July 22, 2019
Published Early Results From Matched Analysis Show Similar Risks for TCAR and CEA
July 23, 2019 – The Society for Vascular Surgery (SVS) announced the publication of the first report of a matched analysis of transcarotid artery revascularization (TCAR) and carotid endarterectomy (CEA), revealing a similar incidence of stroke and death at 30 days and 1 year. The study was published by Vikram S. Kashyap, MD, et al in Journal of Vascular Surgery (JVS; 2019;70:123–129).
According to the SVS announcement by Paul DiMuzio, MD, Assistant Editor of JVS, the study’s findings suggest that TCAR could become an important part of the vascular surgeon’s armamentarium in treating significant carotid stenosis. The SVS announcement noted that TCAR can be considered a hybrid of CEA and transfemoral carotid artery stenting (TF-CAS). Because TCAR does not require crossing the aortic arch and establishes neuroprotection before manipulation of the carotid lesion, it may offer less neurologic complications than TF-CAS.
As summarized in the SVS press release, the multicenter investigation was led by Dr. Kashyap, who is from University Hospitals, Cleveland Medical Center in Cleveland, Ohio. The study compared the 30-day and 1-year outcomes of CEA and TCAR. Investigators studied 663 patients who underwent either CEA (n = 371) or TCAR (n = 292) at four centers between 2013 and 2017.
After propensity matching the 292 TCAR patients with 292 CEA patients, they found similar rates of 30-day stroke (1% vs 0.3%; P = .62), 30-day mortality (0.3% vs 0.7%; P = NS), 1-year stroke (2.8% vs 2.2%; P = .79), and 1-year mortality (1.8% vs 4.5%; P = NS).
The composite endpoint of stroke/death/myocardial infarction at 1 month was 2.1% for TCAR versus 1.7% for CEA (P = NS). Additionally, TCAR was noted to have a lower rate of cranial nerve injury (0.3% vs 3.8%; P = .01).

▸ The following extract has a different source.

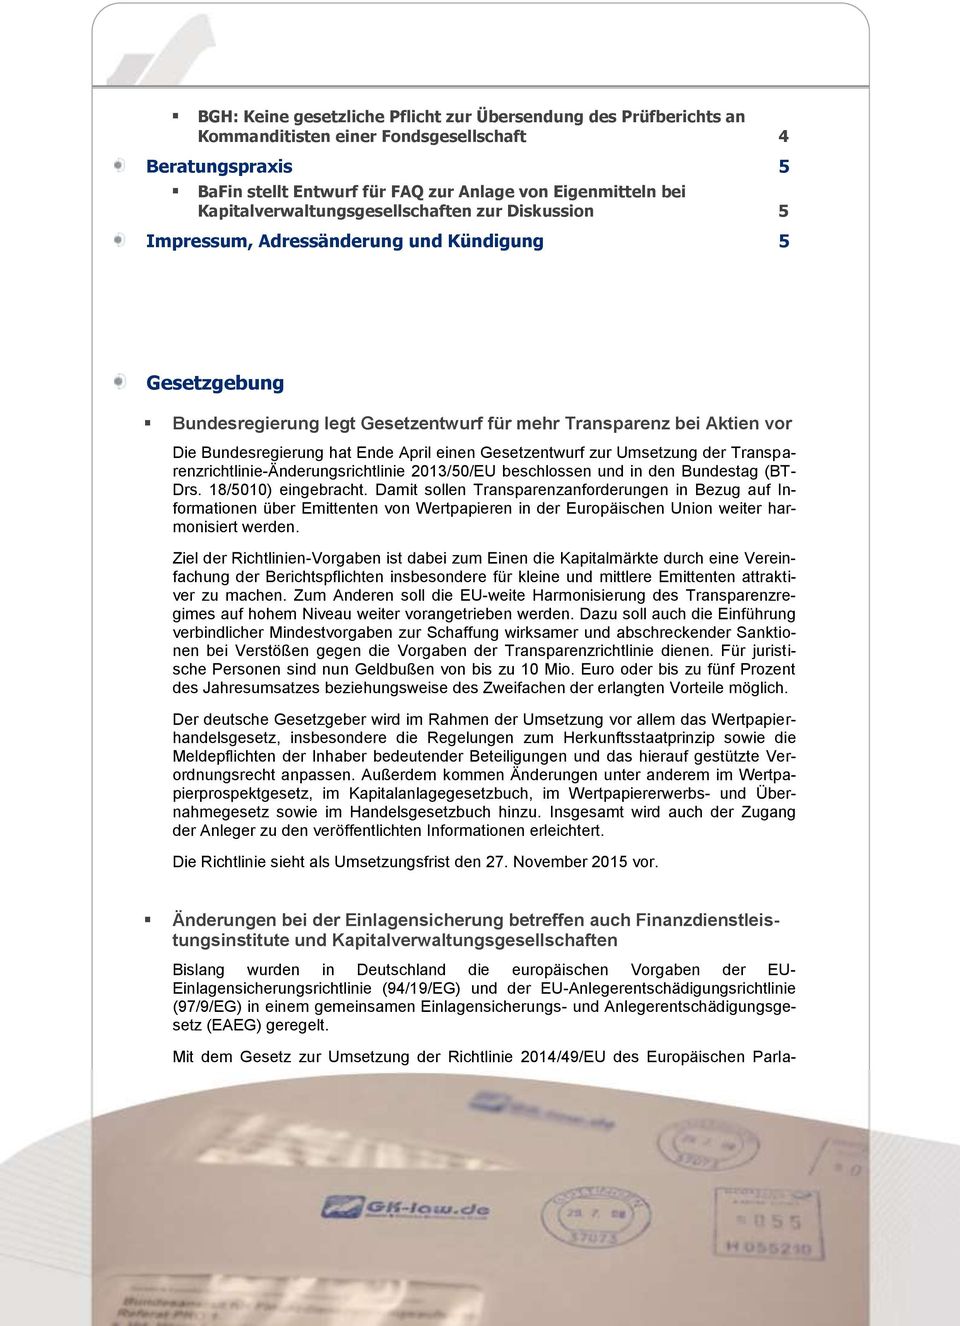 Ende April einen Gesetzentwurf zur Umsetzung der Transparenzrichtlinie-Änderungsrichtlinie 2013/50/EU beschlossen und in den Bundestag (BT- Drs. 18/5010) eingebracht.

In the SVS announcement, Dr. Kashyap commented, “Given that the broad cardiovascular and neurologic outcomes were similar between TCAR and CEA in this analysis, one may question which intervention to offer to patients with severe carotid bifurcation disease. A possible benefit of TCAR is the low rate of cranial nerve injury given the limited common carotid artery exposure needed for this procedure.”
He further noted, “TCAR has a mean procedural time of 75 ± 24 minutes. If one views the flow reversal time as the critical time-sensitive period during TCAR—analogous to clamping the carotid artery—this time for TCAR averages 11 ± 8 minutes.”